Desde entonces, El Charro ha participado en numerosos eventos internacionales, incluidos festivales de Día de Muertos en Estados Unidos, como el famoso Hollywood Forever en Los Ángeles. En cada lugar al que llega, se encuentra con historias de paisanos que lo inspiran y lo impulsan a continuar. Una de las que más lo marcó fue la de un niño de tercera generación en Estados Unidos que, tras ver uno de sus videos, decidió vestirse como él y aprender sobre sus raíces mexicanas. “La sangre lo llama. Ese momento me demostró que mi trabajo está dejando huella, que estoy ayudando a preservar lo que somos”, reflexiona.
La Dualidad de Identidad en el Extranjero
Uno de los retos más significativos que ha enfrentado es la desconexión que algunas segundas y terceras generaciones de mexicanos sienten con sus raíces.

Para El Charro, esta conexión es más que un sentimiento, es un ritual. A través de la promoción del Día de Muertos, busca enseñar que esta tradición no es solo maquillaje y festivales, sino un acto profundo de amor y memoria. “Quiero que el mundo entero ponga ofrendas. Este ritual alimenta el espíritu y nos recuerda de dónde venimos, quiénes somos”, dice con pasión.
Foto:@taurusgirl
Retos y Reflexiones en el Camino
Detrás de la magia de su personaje hay un esfuerzo físico y emocional constante. El maquillaje, el traje de gala de la charrería y los largos días de grabaciones y eventos requieren dedicación. Solo el proceso de maquillaje le toma dos horas, seguido por otras tantas para retirarlo.
“Es pesado, pero cada segundo vale la pena cuando veo las caras de mis paisanos, cuando sé que estoy llevando un pedazo de México a donde más se necesita”, comparte.
Además, sus viajes y presentaciones lo han llevado a reflexionar sobre temas más amplios, como la migración y la resiliencia de los mexicanos en el extranjero.
“La mariposa monarca, que es un símbolo del Día de Muertos, es también un símbolo de la migración. Imagínate si le pusiéramos fronteras. Es un recordatorio de que todos compartimos una humanidad común”, reflexiona.

El Futuro del Charro González
Con una visión clara y grandes sueños, El Charro González planea expandir su impacto. Entre sus proyectos está la creación de un espectáculo cultural, caricaturas y libros para niños, y la consolidación de su plataforma como una referencia en la promoción de la mexicanidad. “Quiero ocupar un lugar importante en la representación de nuestra cultura.
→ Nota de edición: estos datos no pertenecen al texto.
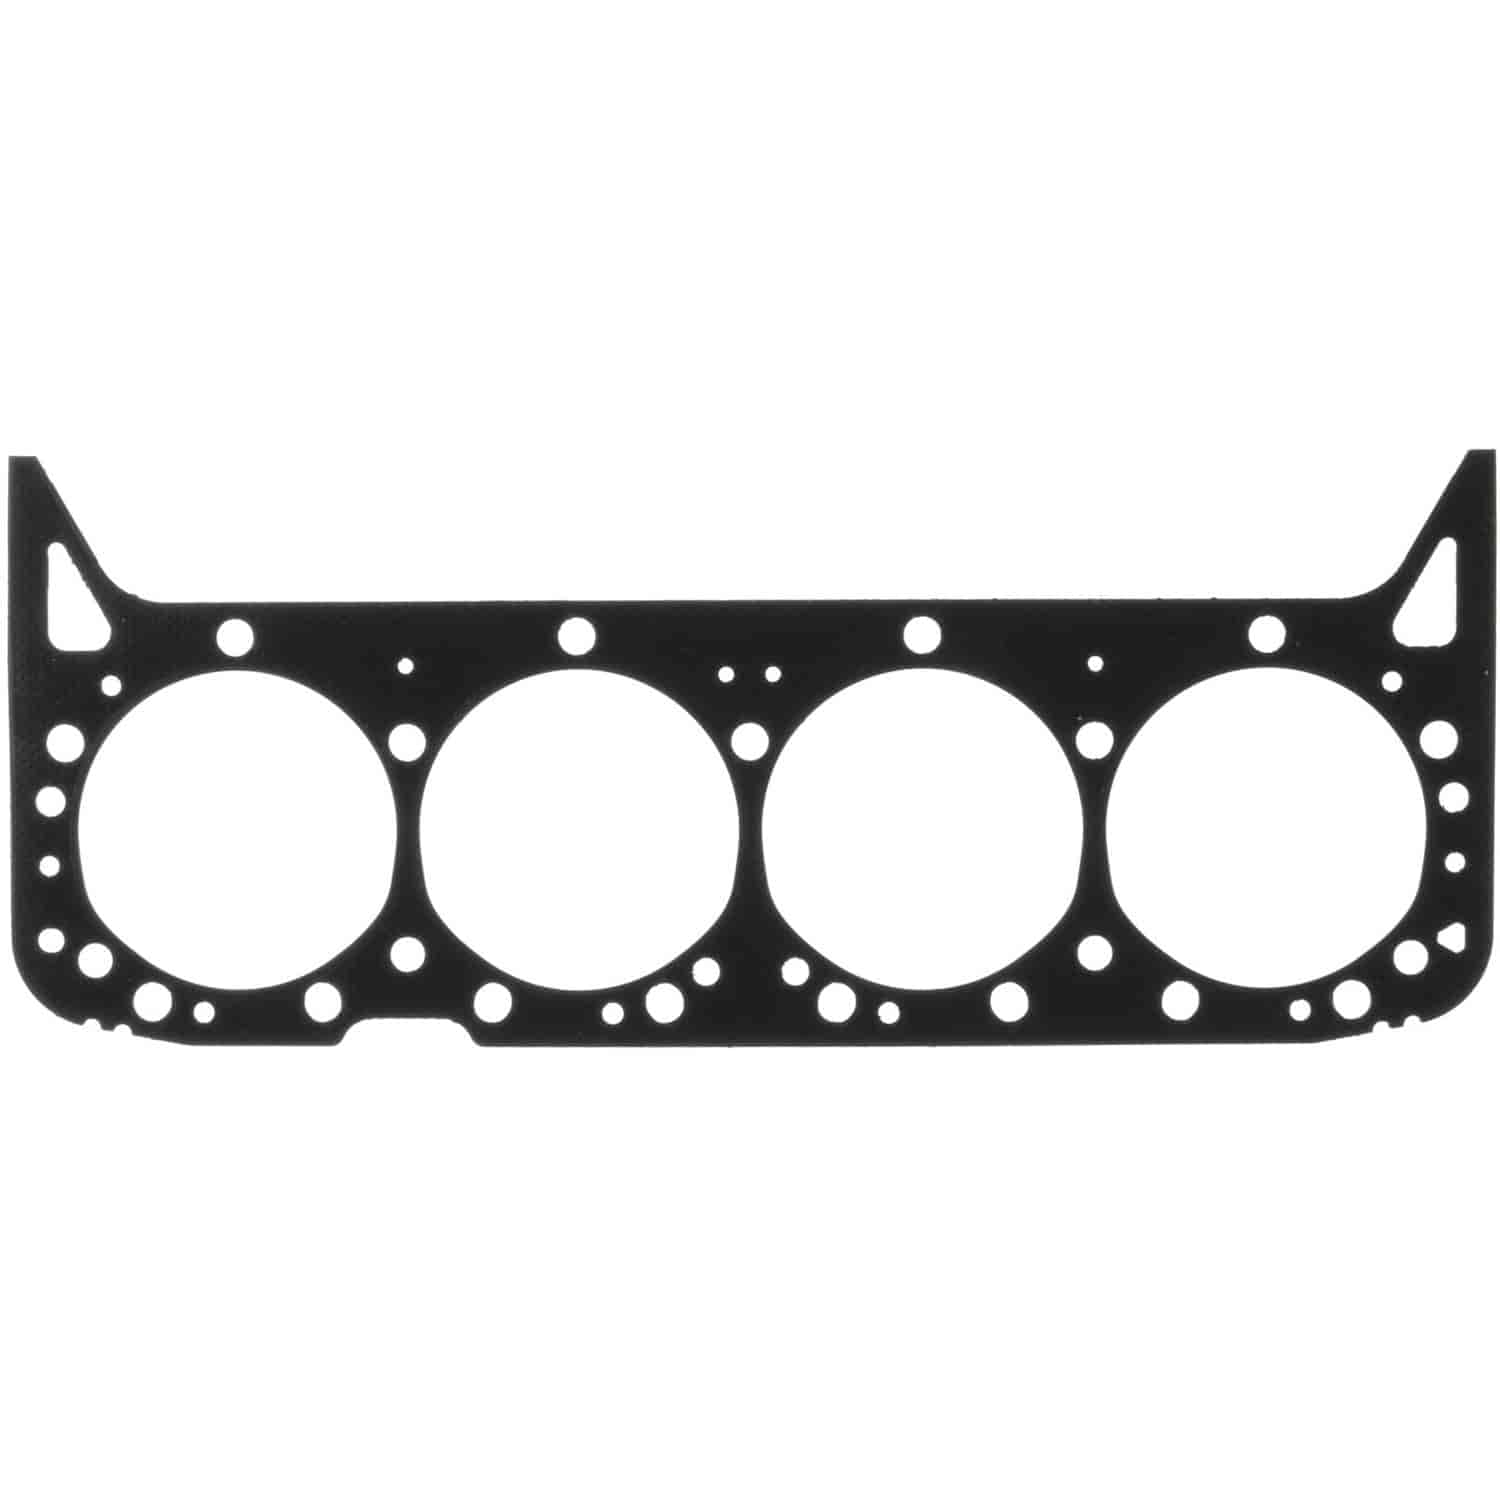 Cylinder Head Gasket 1968-2002 Small Block Chevy 350 (5.7L)

Cada vez que leo un comentario que dice: ‘Qué orgullo que nos representes’, siento que estoy cumpliendo mi propósito”, afirma.
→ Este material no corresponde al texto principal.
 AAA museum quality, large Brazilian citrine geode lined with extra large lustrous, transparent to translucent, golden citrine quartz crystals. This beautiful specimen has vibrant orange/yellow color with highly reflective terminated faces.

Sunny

Para El Charro, la mexicanidad es más que una identidad; es una herramienta para comunicar un mensaje universal: celebrar la vida, honrar el pasado y encontrar fortaleza en nuestras raíces. “No importa dónde estemos, México vive en nosotros. Mi trabajo es recordarle eso al mundo, y voy a seguir haciéndolo mientras pueda”.
Un Legado Vivo
El impacto de este personaje trasciende fronteras y generaciones. Desde su Charro Cueva, donde atesora regalos y recuerdos de sus seguidores, hasta las banderas firmadas por personas de todo el mundo que conoció en el Mundial de Qatar, cada paso de su camino está lleno de significado.
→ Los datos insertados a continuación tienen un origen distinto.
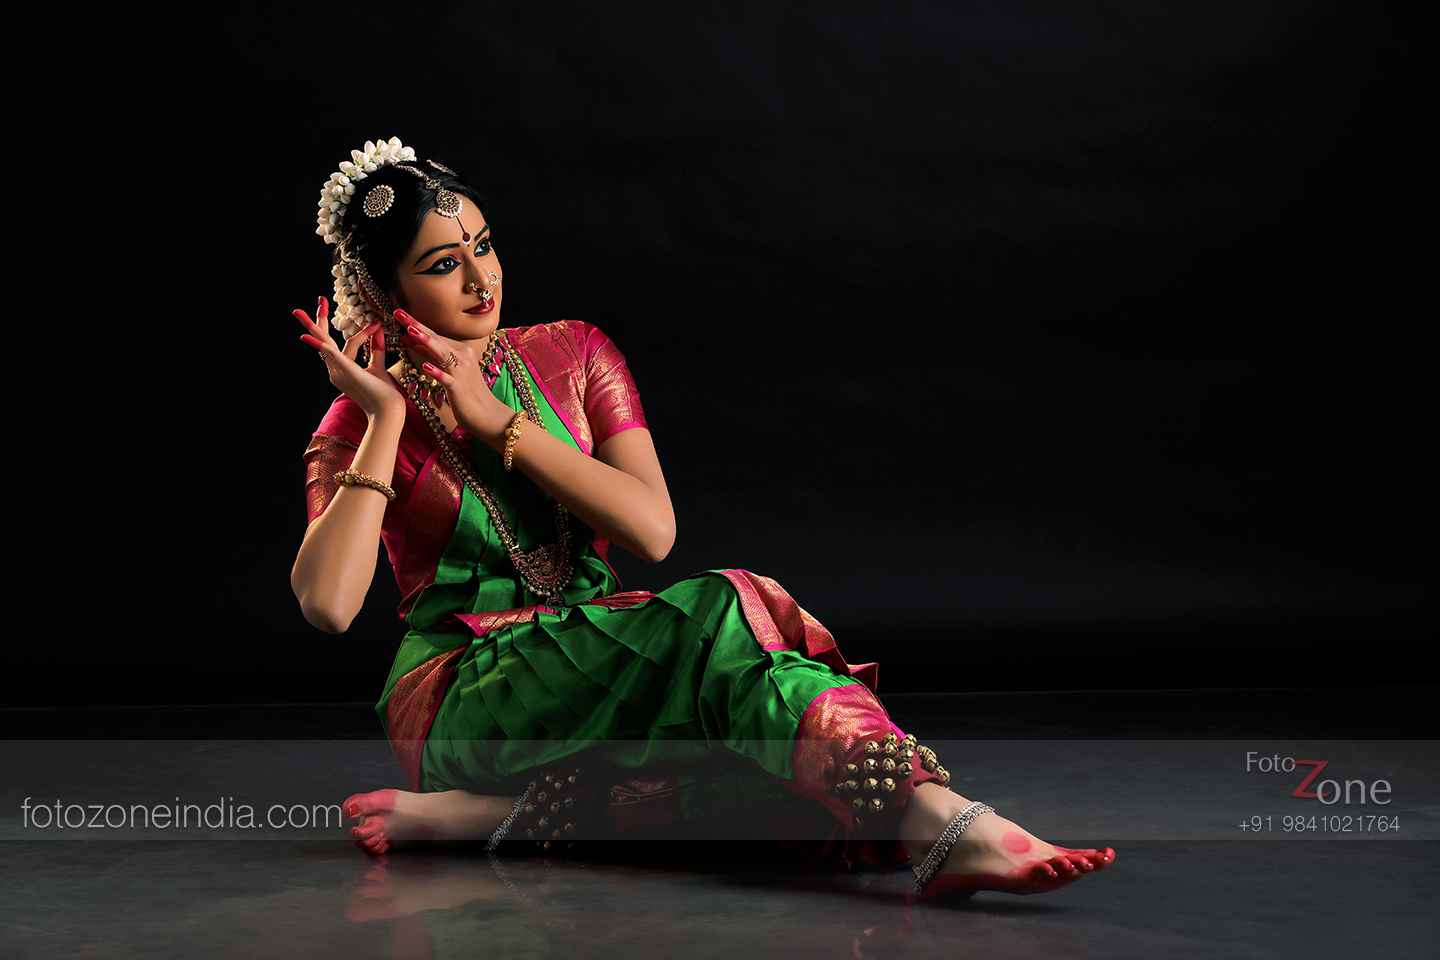 Classical Dance Images Black and White - FotoZone - Professional ...

El Charro no es solo un personaje; es un movimiento. Un movimiento que celebra lo que significa ser mexicano, no solo en el país, sino en el corazón de cada persona que lleva sus raíces consigo.



Con cada paso, con cada ofrenda y con cada historia, El Charro González sigue demostrando que la cultura mexicana no solo pertenece a México, sino al mundo entero.